SUPPLIED MATERIAL:
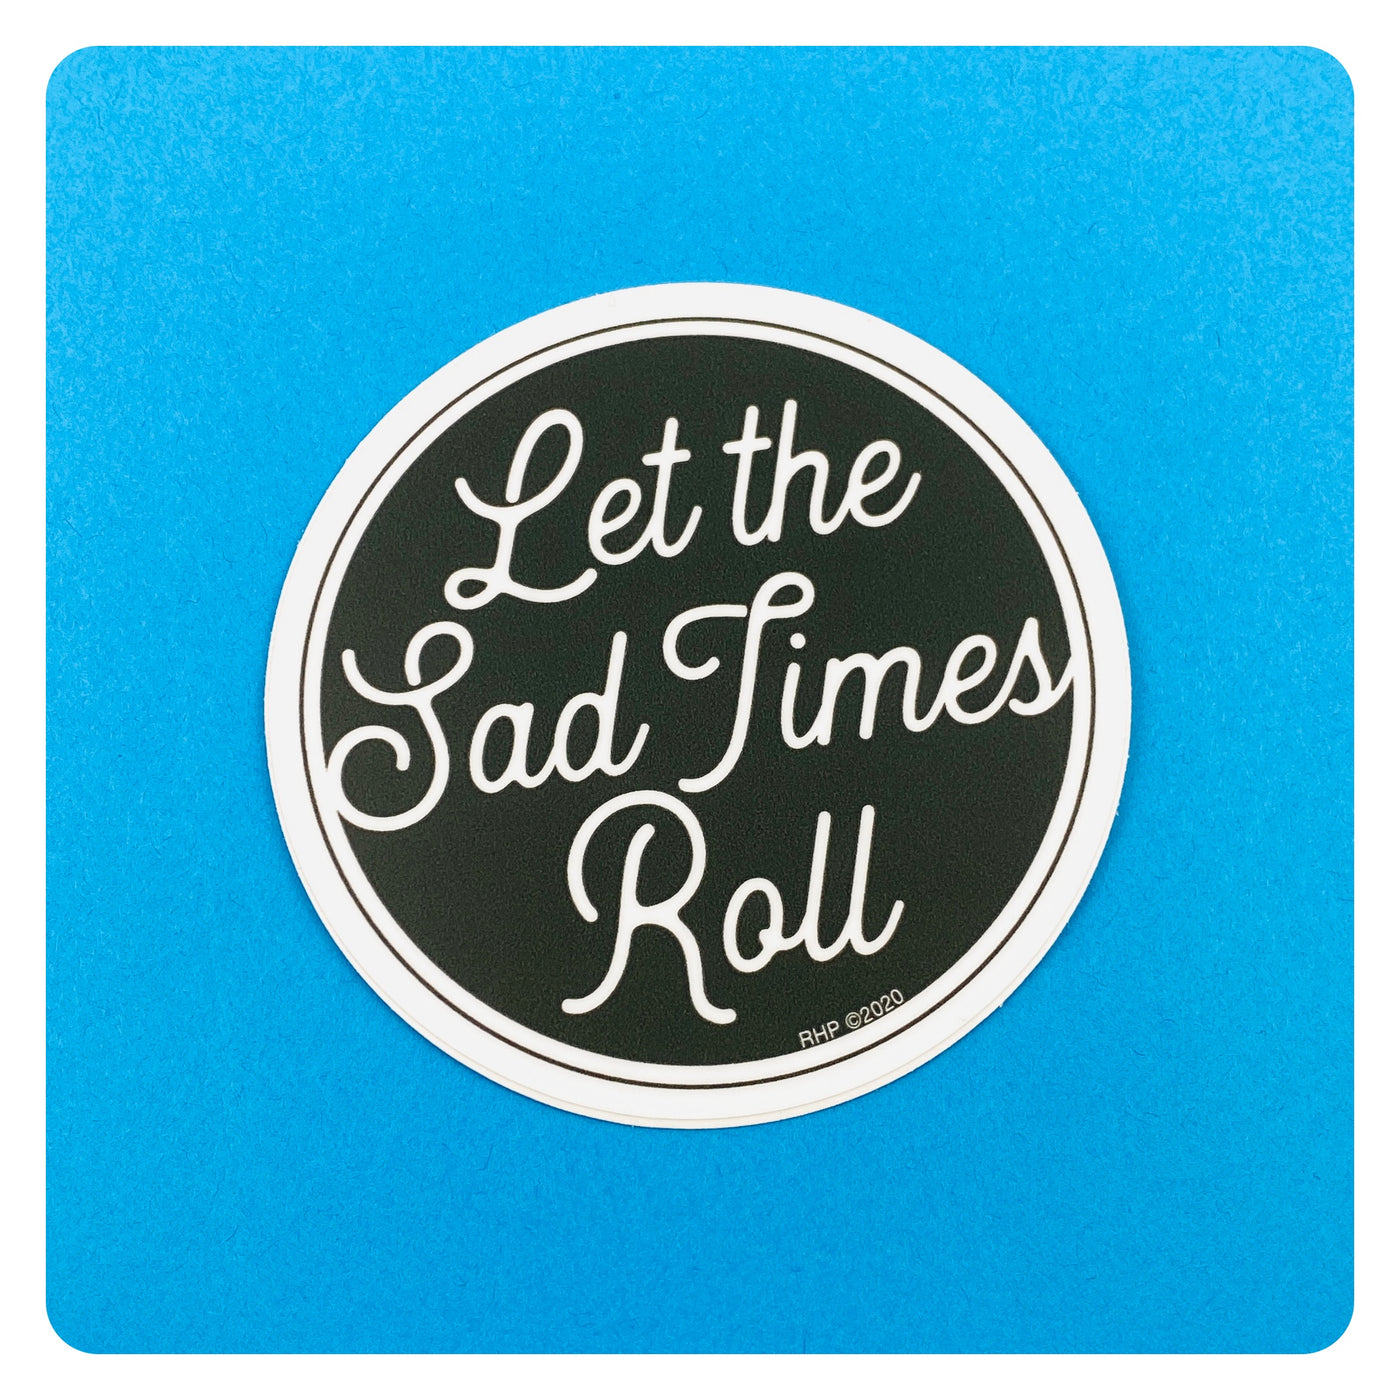 Let the Sad Times Roll Sticker
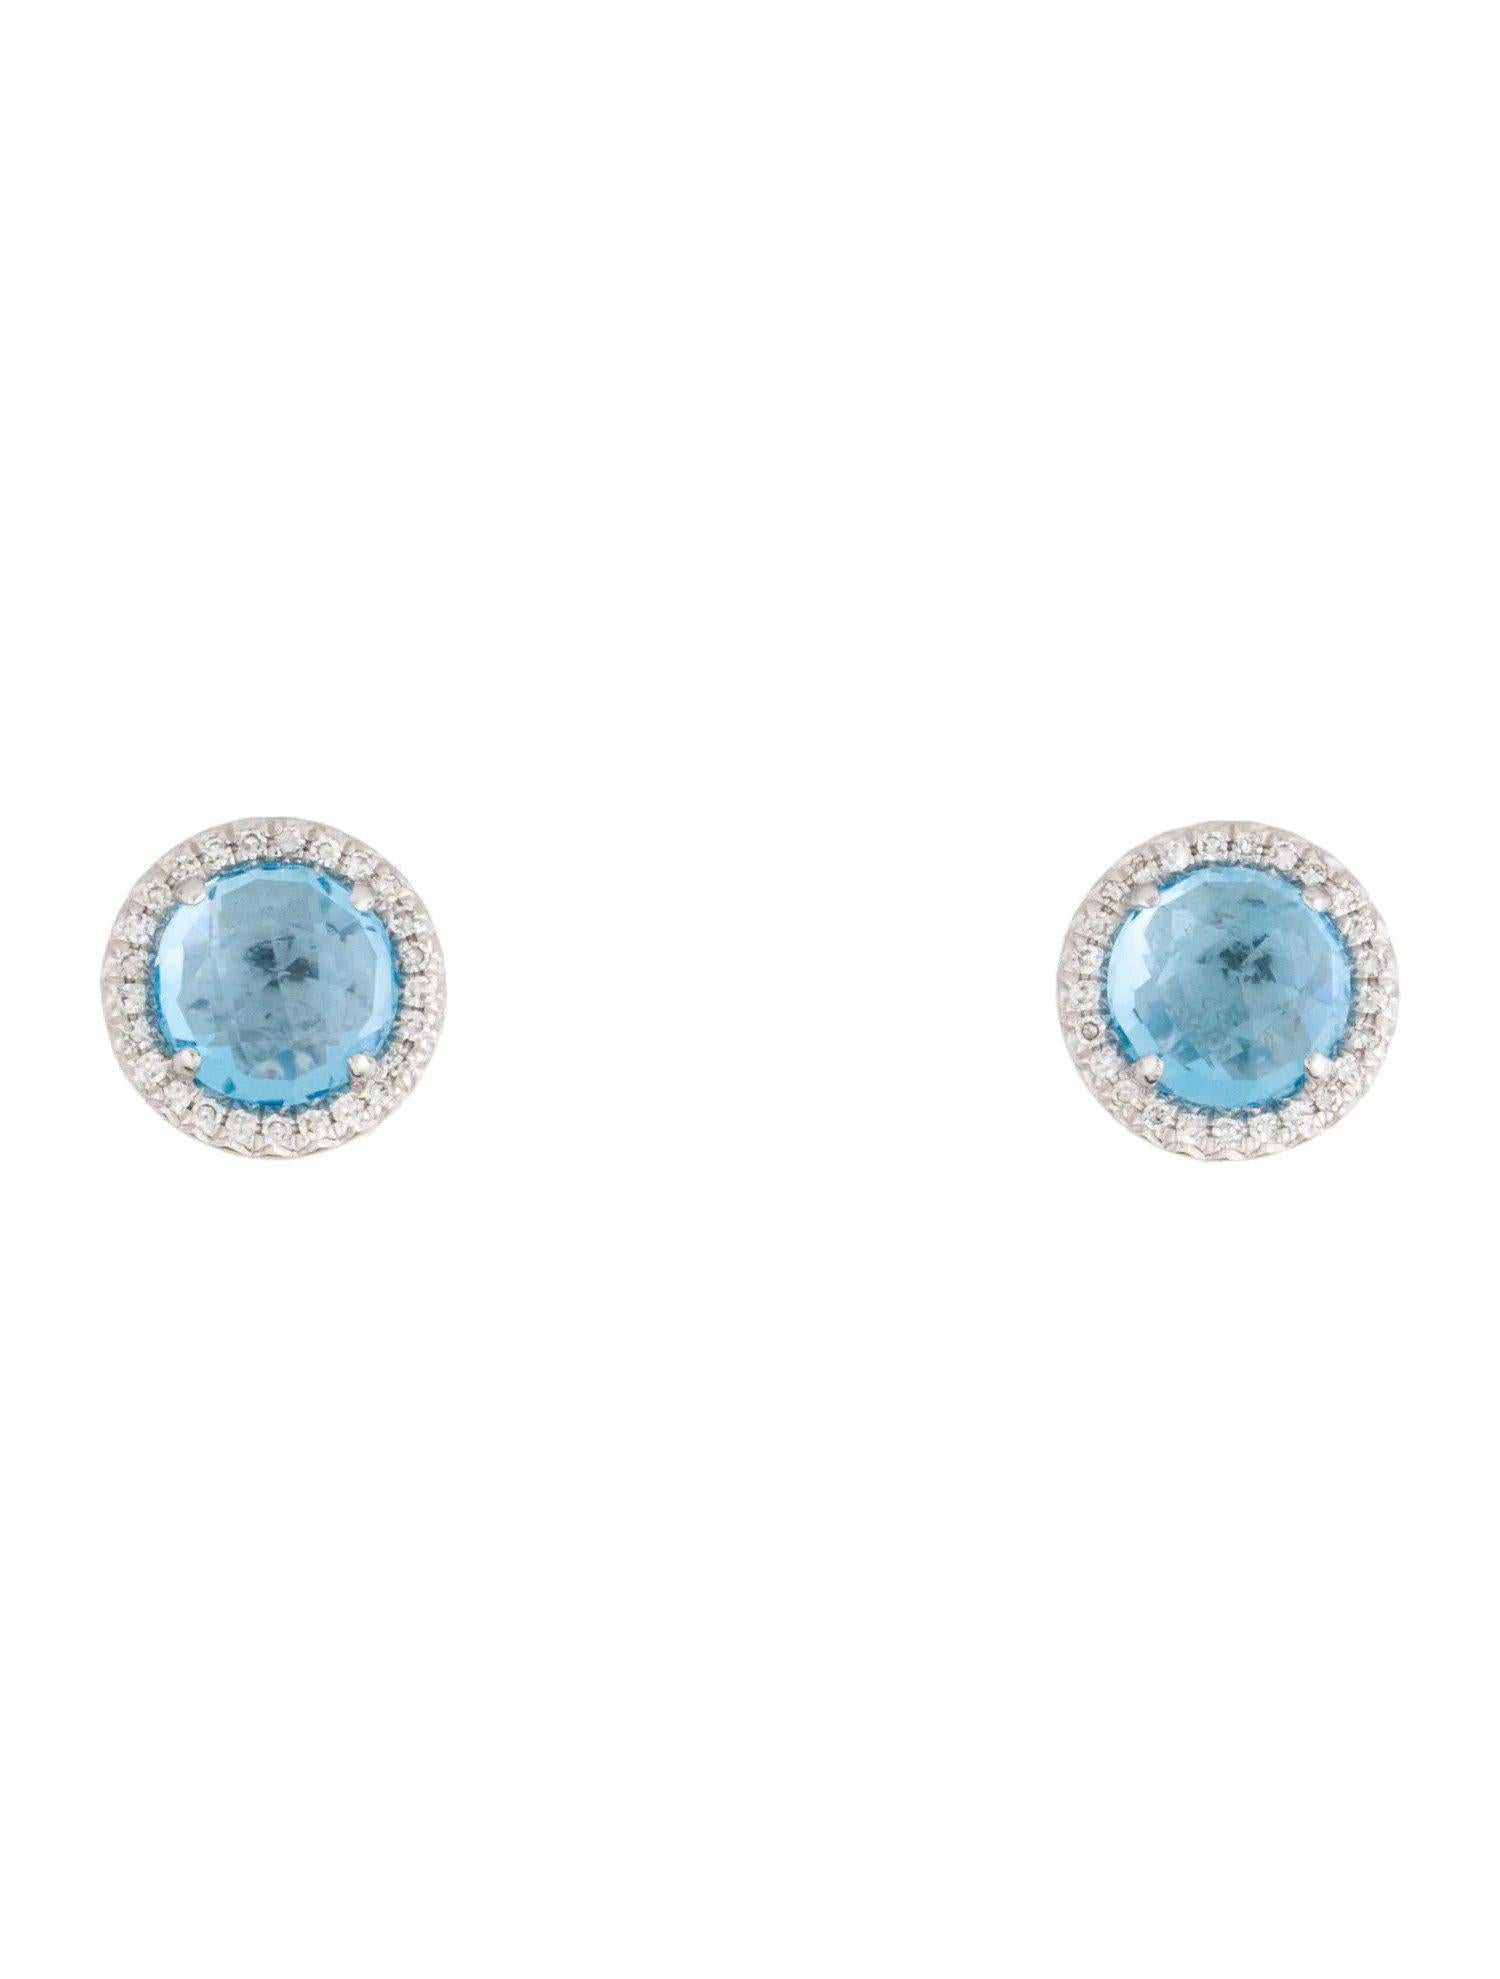 These Swiss Blue Topaz & Diamond Earrings are a stunning and timeless accessory that can add a touch of glamour and sophistication to any outfit. 

These earrings each feature a 1.20 Carat Round Swiss Blue Topaz, with a Diamond Halo comprised of
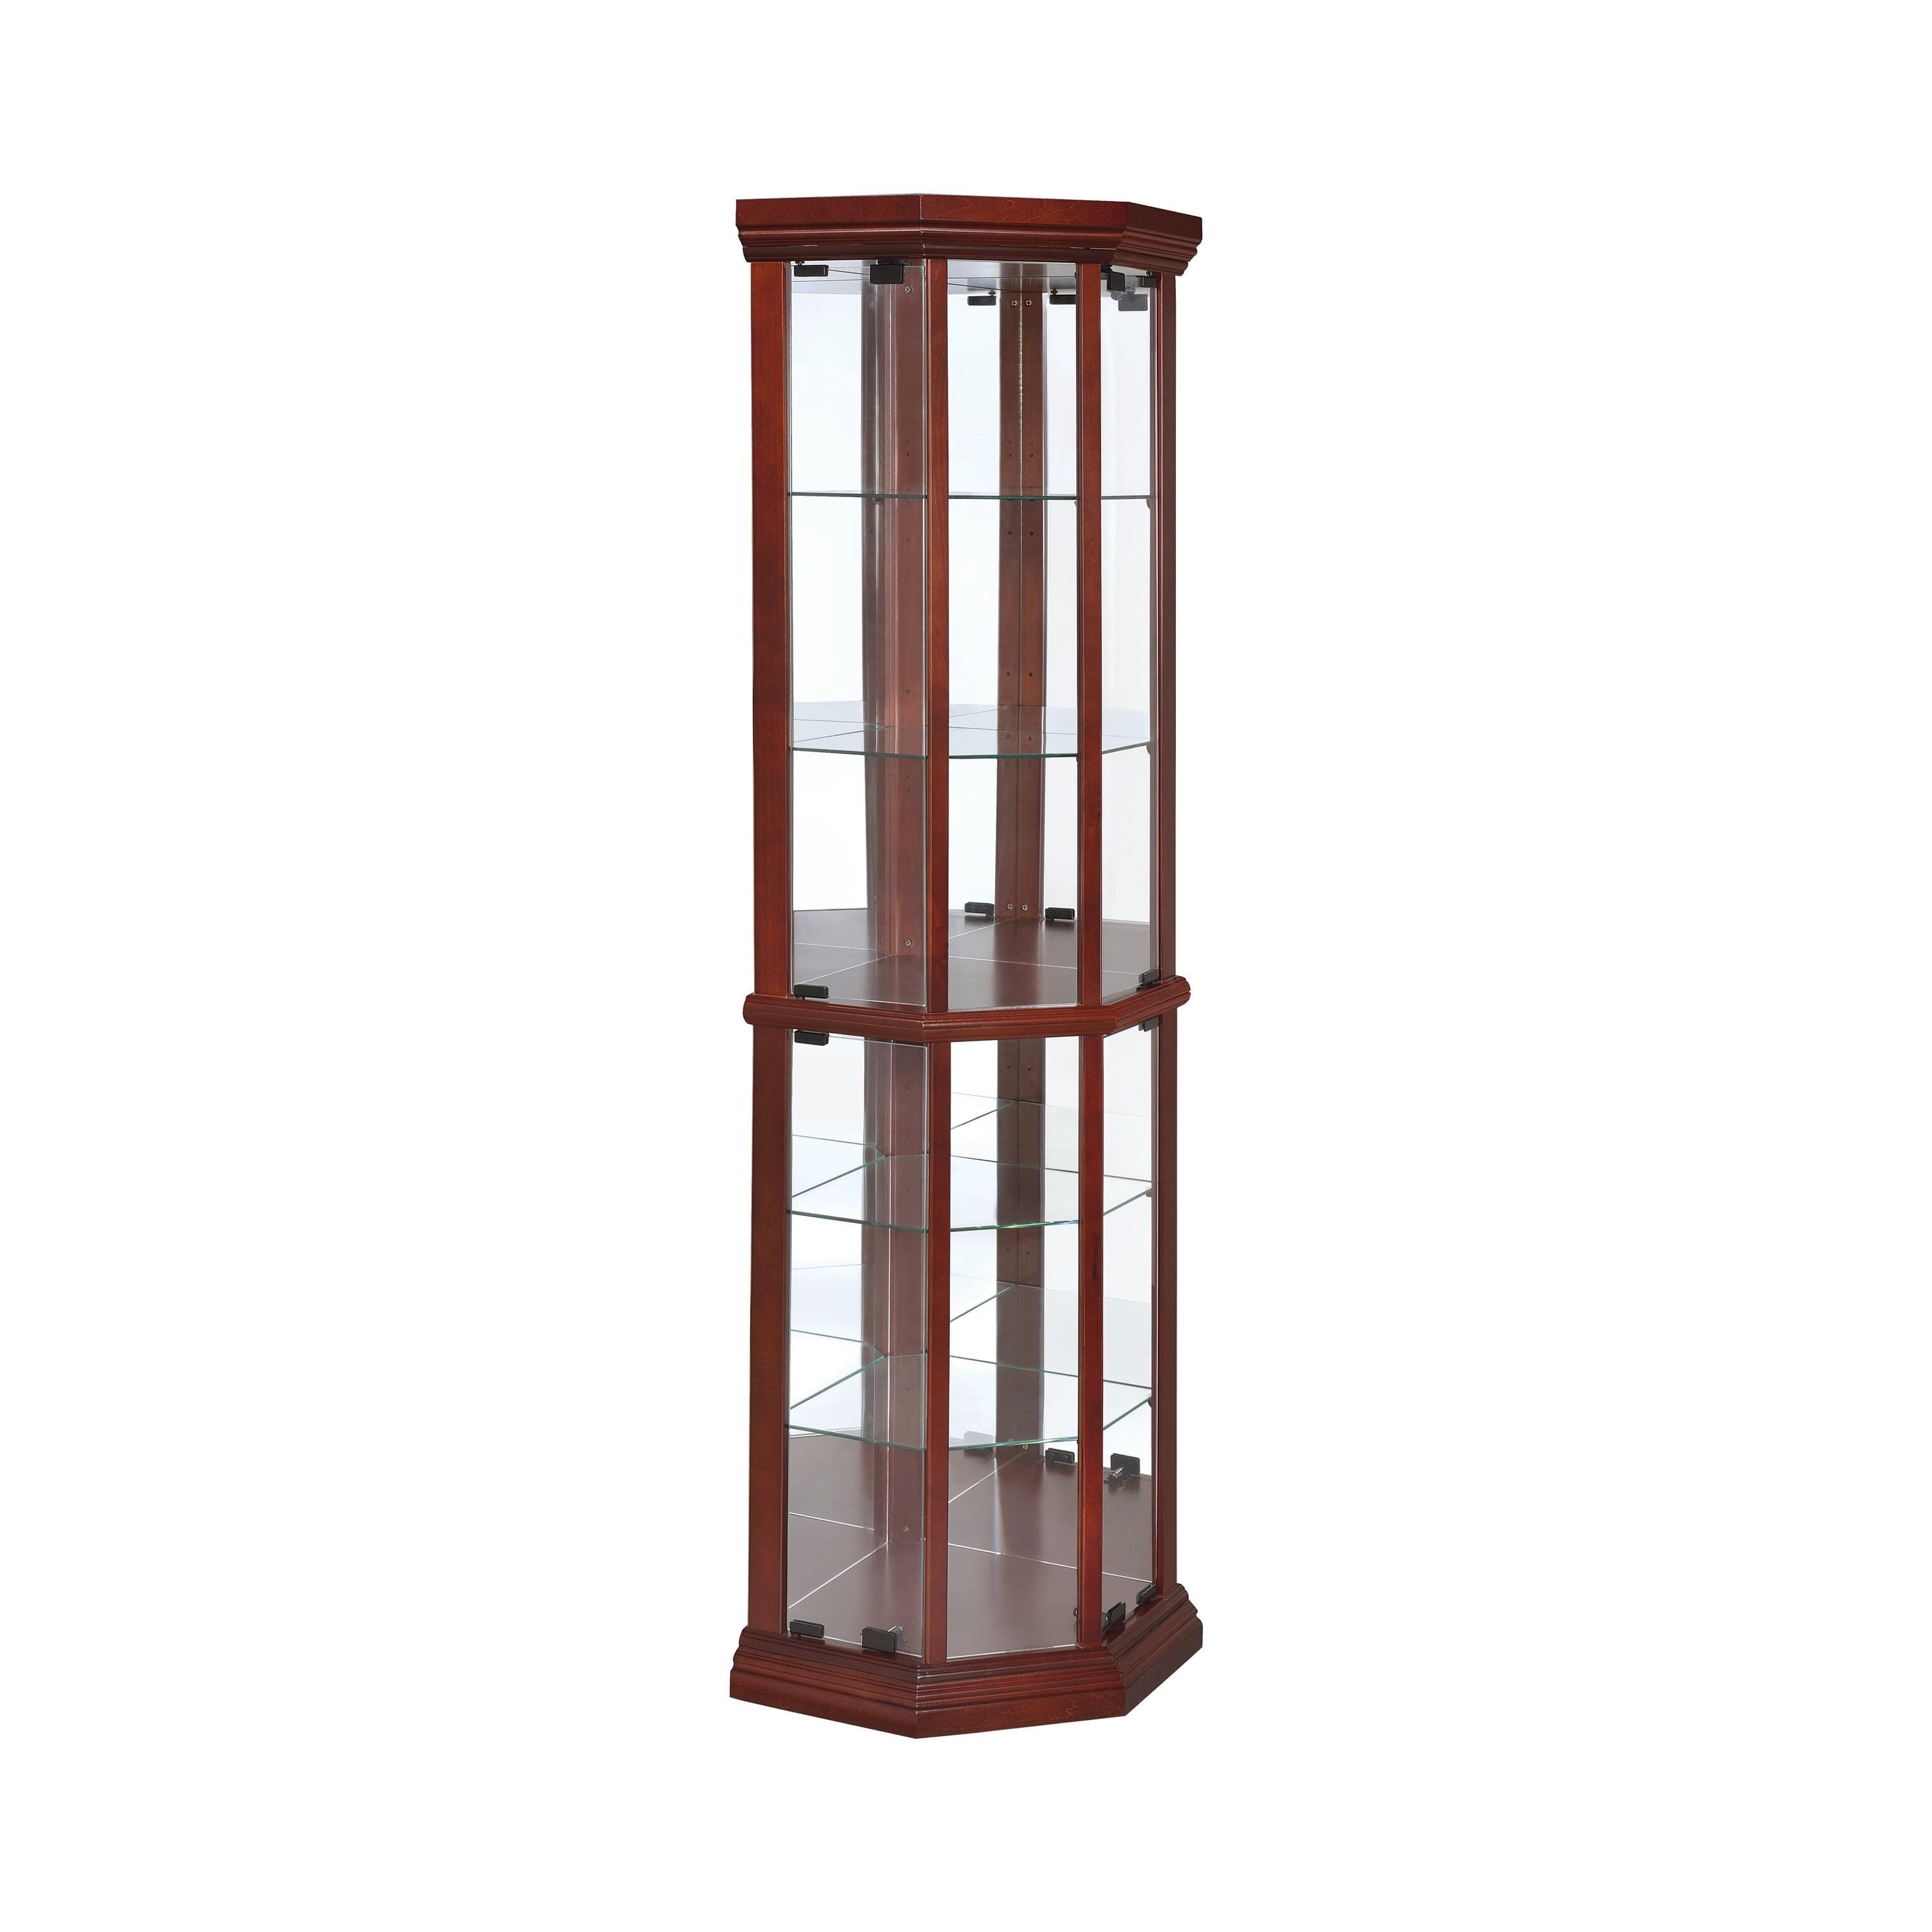 Medium Brown Lighted Corner Curio Cabinet with Glass Shelves

TASK PROMPT: Could you copy the listing exactly, leaving out any pictures?

SOLVED EXERCISE:
 Let the Sad Times Roll Sticker
 These Swiss Blue Topaz & Diamond Earrings are a stunning and timeless accessory that can add a touch of glamour and sophistication to any outfit. 

These earrings each feature a 1.20 Carat Round Swiss Blue Topaz, with a Diamond Halo comprised of
 Medium Brown Lighted Corner Curio Cabinet with Glass Shelves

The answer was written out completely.